For this to be cost effective for me, I need to spend less than $500 total including the bike, registration, insurance, helmet, and everything else. I did the math. With the potentially limited time I have left in Korea, spending over that amount on a bike would be insane – unless of course, I can simply resell it at the end of my contract (but that’s a bet I’m not willing to make just yet. So we’d have to go somewhere else to find a motorcycle. The Internet!

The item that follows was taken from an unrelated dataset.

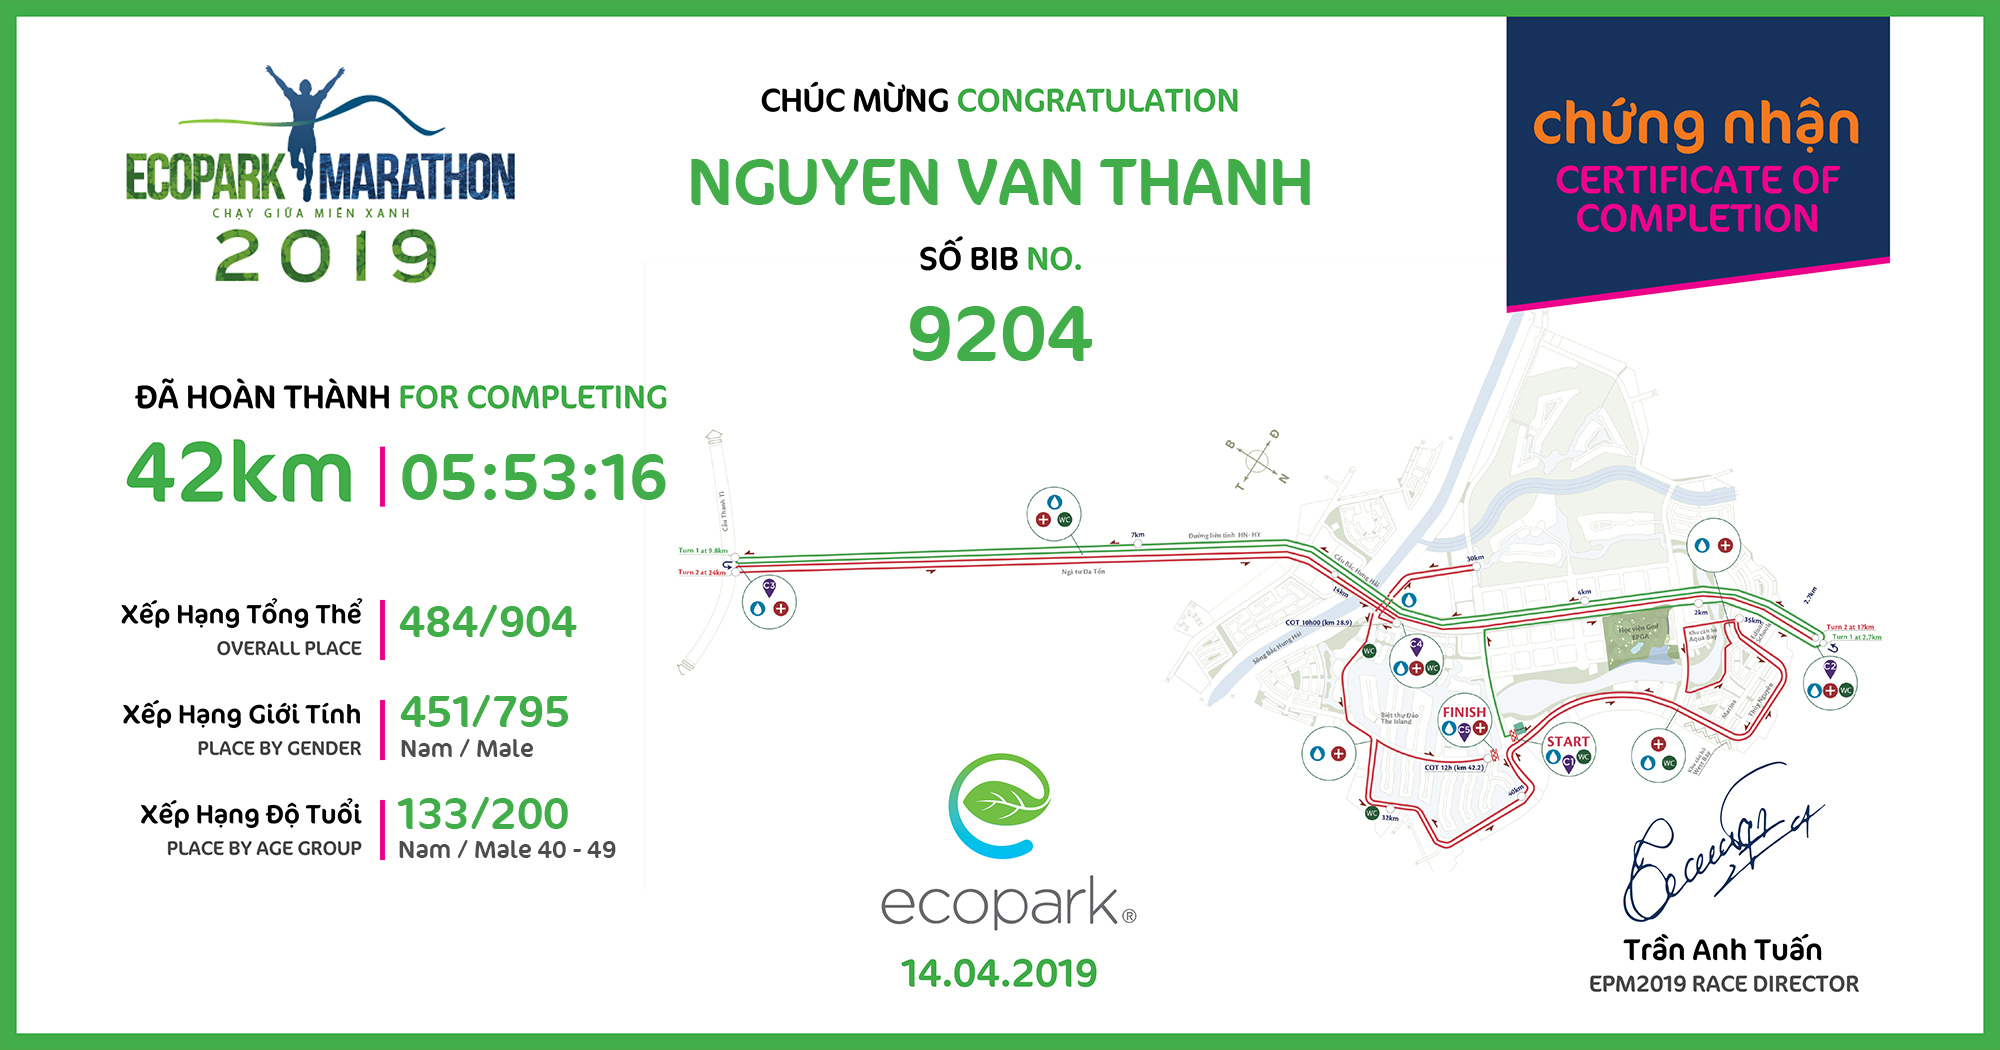 9204 - NGUYEN VAN THANH

The Korean version of ebay motors is called Passo and the entire site is in Korean, which I can’t read. Well I can, but I have no idea what I’m reading when I do. So Jungjae decoded the site and we began searching for a bike. We spent a few hours searching but everything in my range was a piece of crap and everything that I liked was twice as much (or more) than I was willing to spend. The drawing board and I have become very close. We kept looking but many of the bikes looked like throwbacks to 1985 – ever seen The Dirt Bike Kid starring Peter Billingsley (of A Christmas Story fame)? My saving grace would have to be someone I already knew, leaving Korea and selling his bike on the cheap just to avoid the hassles.
So I patiently waited… and waited… and waited…
Until at last, Eureka! It happened! I fished what I wished! One of the other teachers I know has a contract ending in November and he’s preparing to get the heck outta dodge. He sold me his 175cc Daylim Daystar motorcycle for the rock bottom price of $350! The only problem NOW is that I have no idea how to ride – never done it before. So I’ll have to learn. Insert Tom – my gruff Scottish friend who’s been riding for years (and been in Korea for over 4). He promised to show me the ropes, teach me the tricks, and help me get the hang of riding for the mere price of a Philly Cheesesteak (see my entry: American Wit).
So with the beautiful autumn weather approaching, I’ll be out there learning to ride. Photos will come sooner or later but I’m just excited to try something new and get some of my freedom back. It won’t be quite the same as my trusty ole’ Mazda, but who knows what the future holds. Maybe I’ll be on two wheels for the indefinite future. You just never know.